Adarsha Balaji Adarsha Balaji received a Bachelors degree from Visvesvaraya Technological University, India, in 2012 and a Master's degree from Drexel University, Philadelphia, PA, in 2017. He is currently pursuing a Ph.D. degree from the Department of Electrical and Computer Engineering, Drexel University, Philadelphia, PA. His current research interests include design of neuromorphic computing systems, particularly data-flow and power optimization of spiking neural networks (SNN) hardware.

Anup Das Dr. Anup Das is an Assistant Professor at Drexel University. He received a Ph.D. in Embedded Systems from National University of Singapore in 2014. Prior to his Ph.D., he was a research engineer for more than 7 years at ST Microelectronics (India and Grenoble) and LSI Corporation (India). Following his Ph.D., he was a post-doctoral fellow at the University of Southampton and a researcher at IMEC. His research focuses on neuromorphic computing and architectural exploration. He is a senior member of the IEEE.

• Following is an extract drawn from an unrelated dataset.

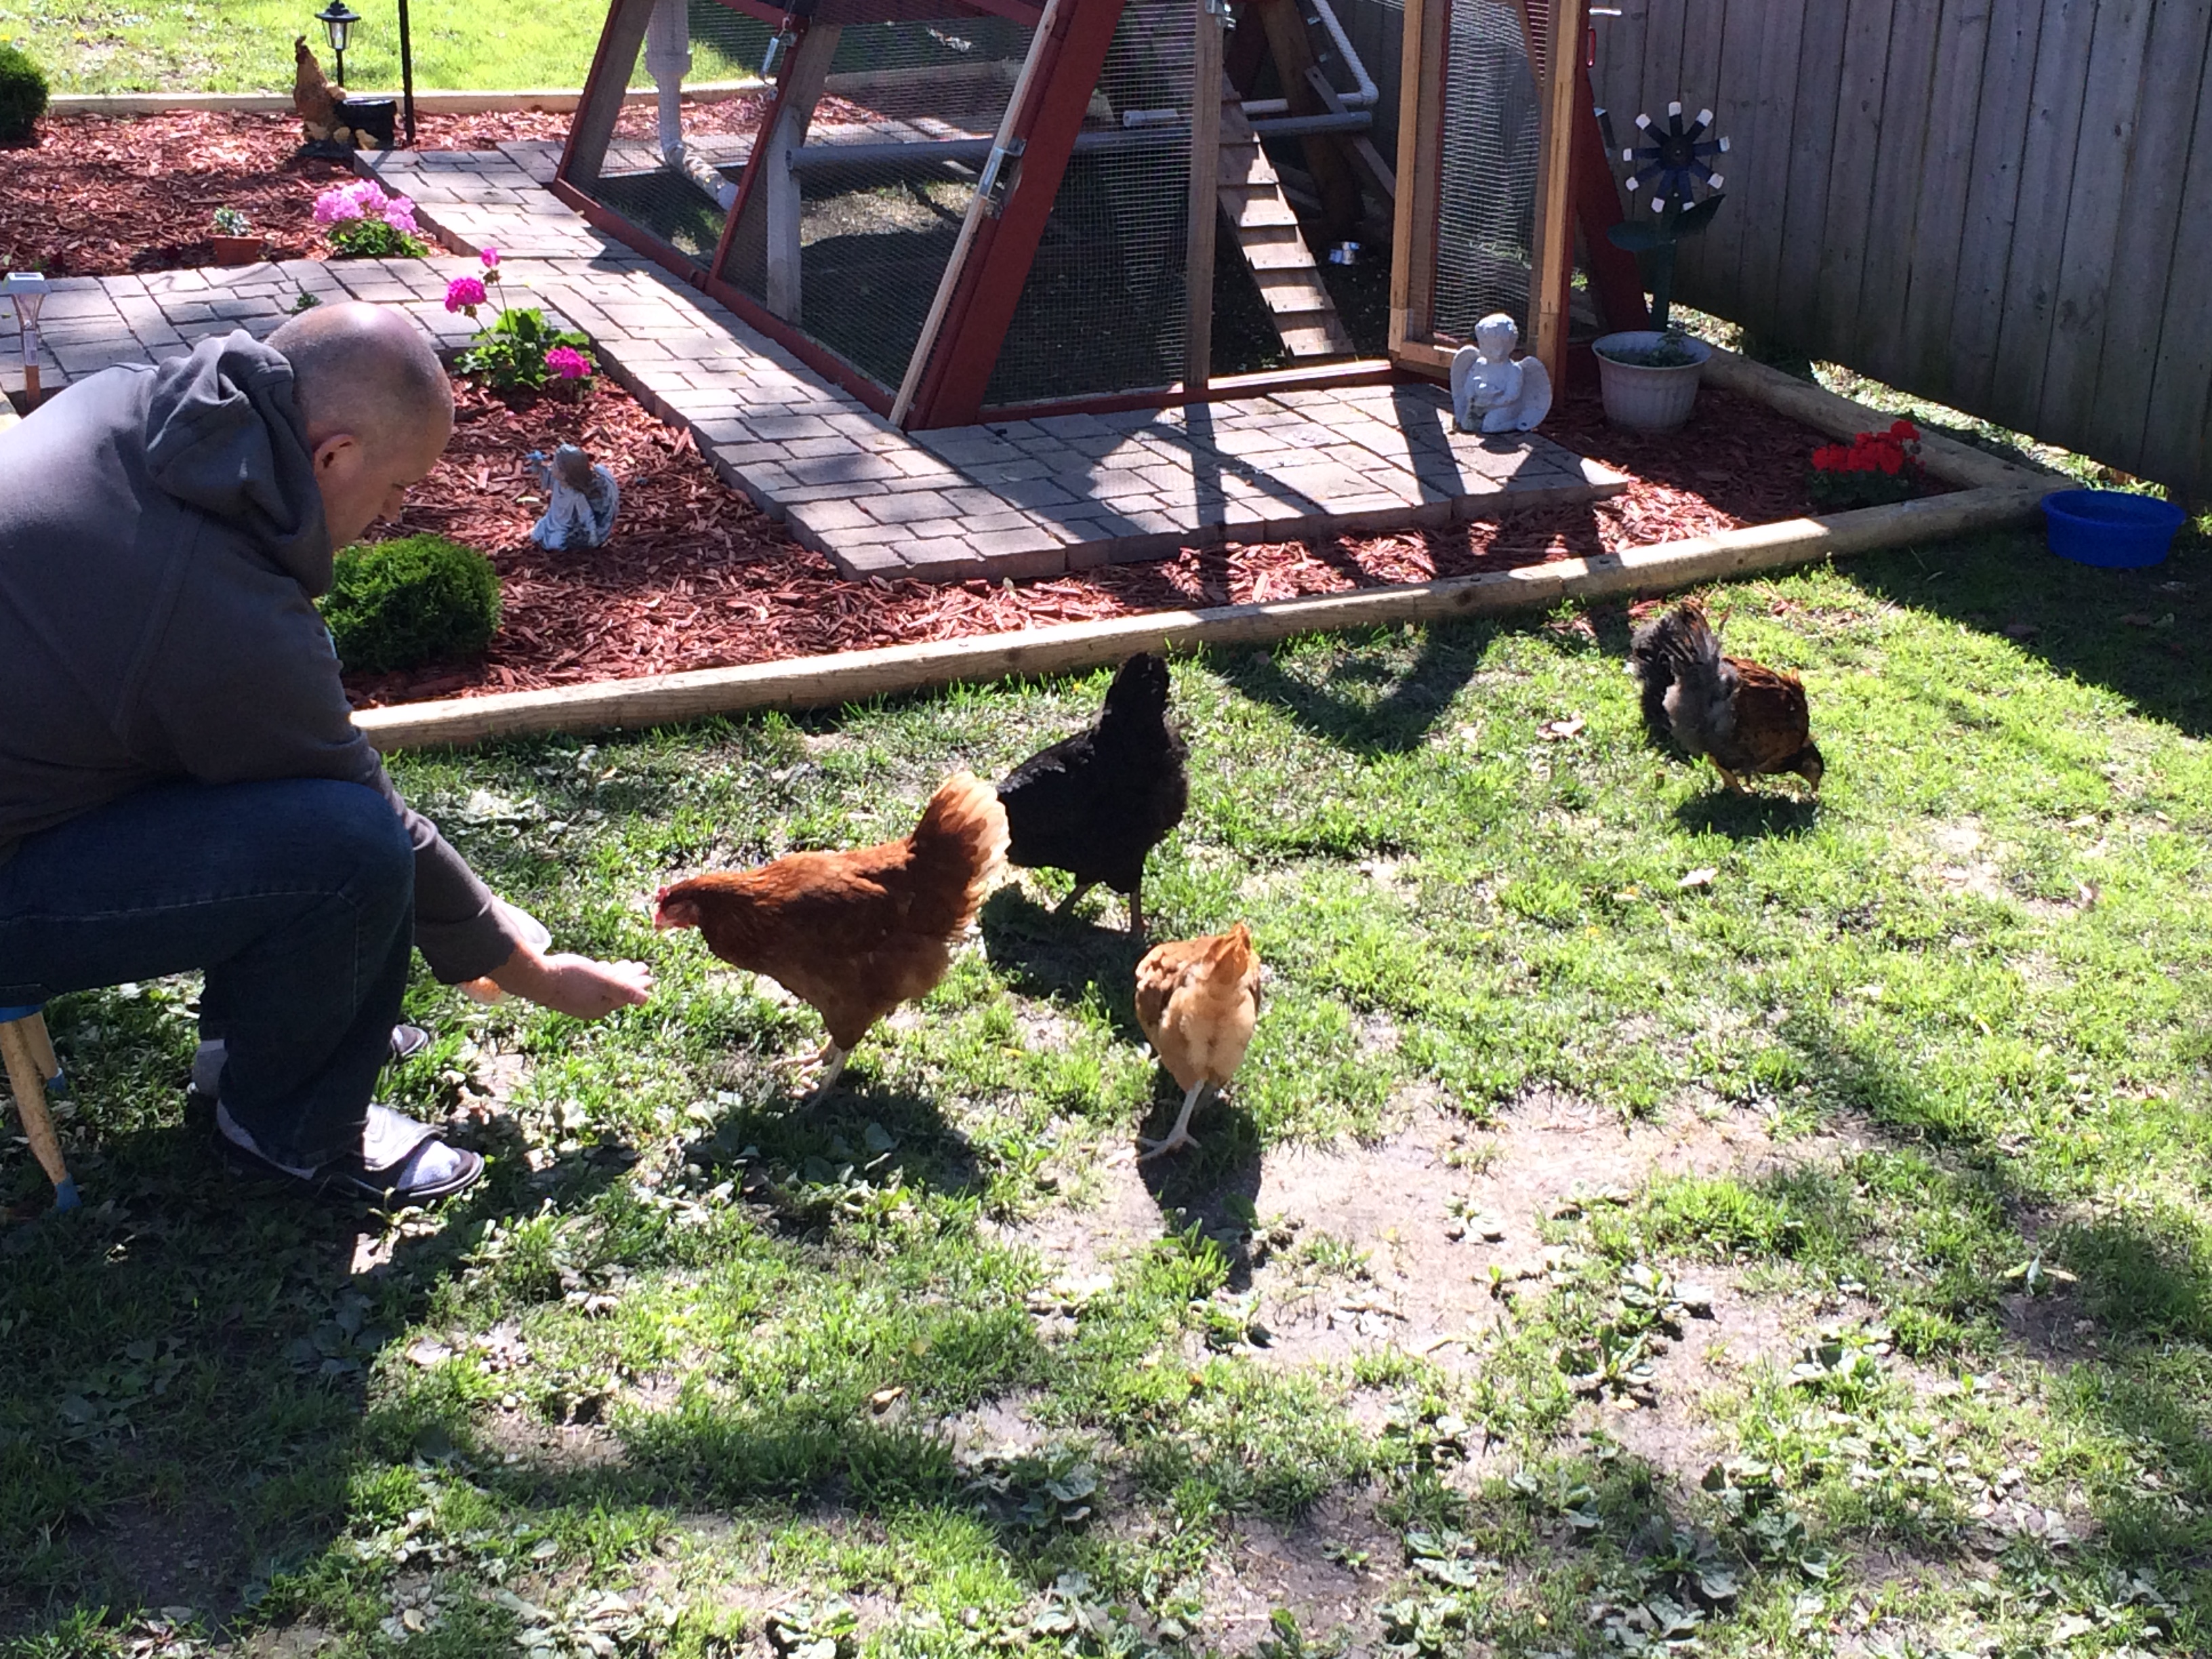 My husband feeding the girls (That he didn't want) lol He spends more time with them than I do.

Yuefeng Wu Yuefeng was enrolled in a joint master program of KTH, Royal Institute of Technology, Stockholm, Sweden and Technology University of Eindhoven after receiving his bachelor degree from Tianjin University. He worked at IMEC NL for his master thesis and researched on the communication mechanisms of neuromorphic computing. He designed and implemented the simulator for communication based on Noxim. He joined ING Groep N.V. as a management trainee in the track of IT after graduation and currently works as an information architect.

#### Khanh Huynh Biography not available.

Francesco G. Dell'Anna Francesco G. Dell'Anna was born in Gallipoli, Italy, on 14 January 1993. He received the BE degree in computer engineering and the ME degree in embedded systems from Polytechnic of Turin in 2014 and 2016 respectively. In 2016 he attended the electrical engineering master program at KULeuven, working on a neuromorphic simulator in IMEC (Belgium). He is currently a researcher in the Institute of Applied Micro-Nano Systems Technology, Key Laboratory of Micro-Nano System Technology and Smart Transduction, Chongqing Technology and Business University, Chongqing, China, and a Ph.D. student in the department of Micro- and Nanotechnology systems at the university college of southeast Norway. In 2018 he then joined Omnivision Technology as a Digital Designer in Oslo. His research interests include image sensors, neural networks, piezoelectric energy harvesters and low power electronic designs.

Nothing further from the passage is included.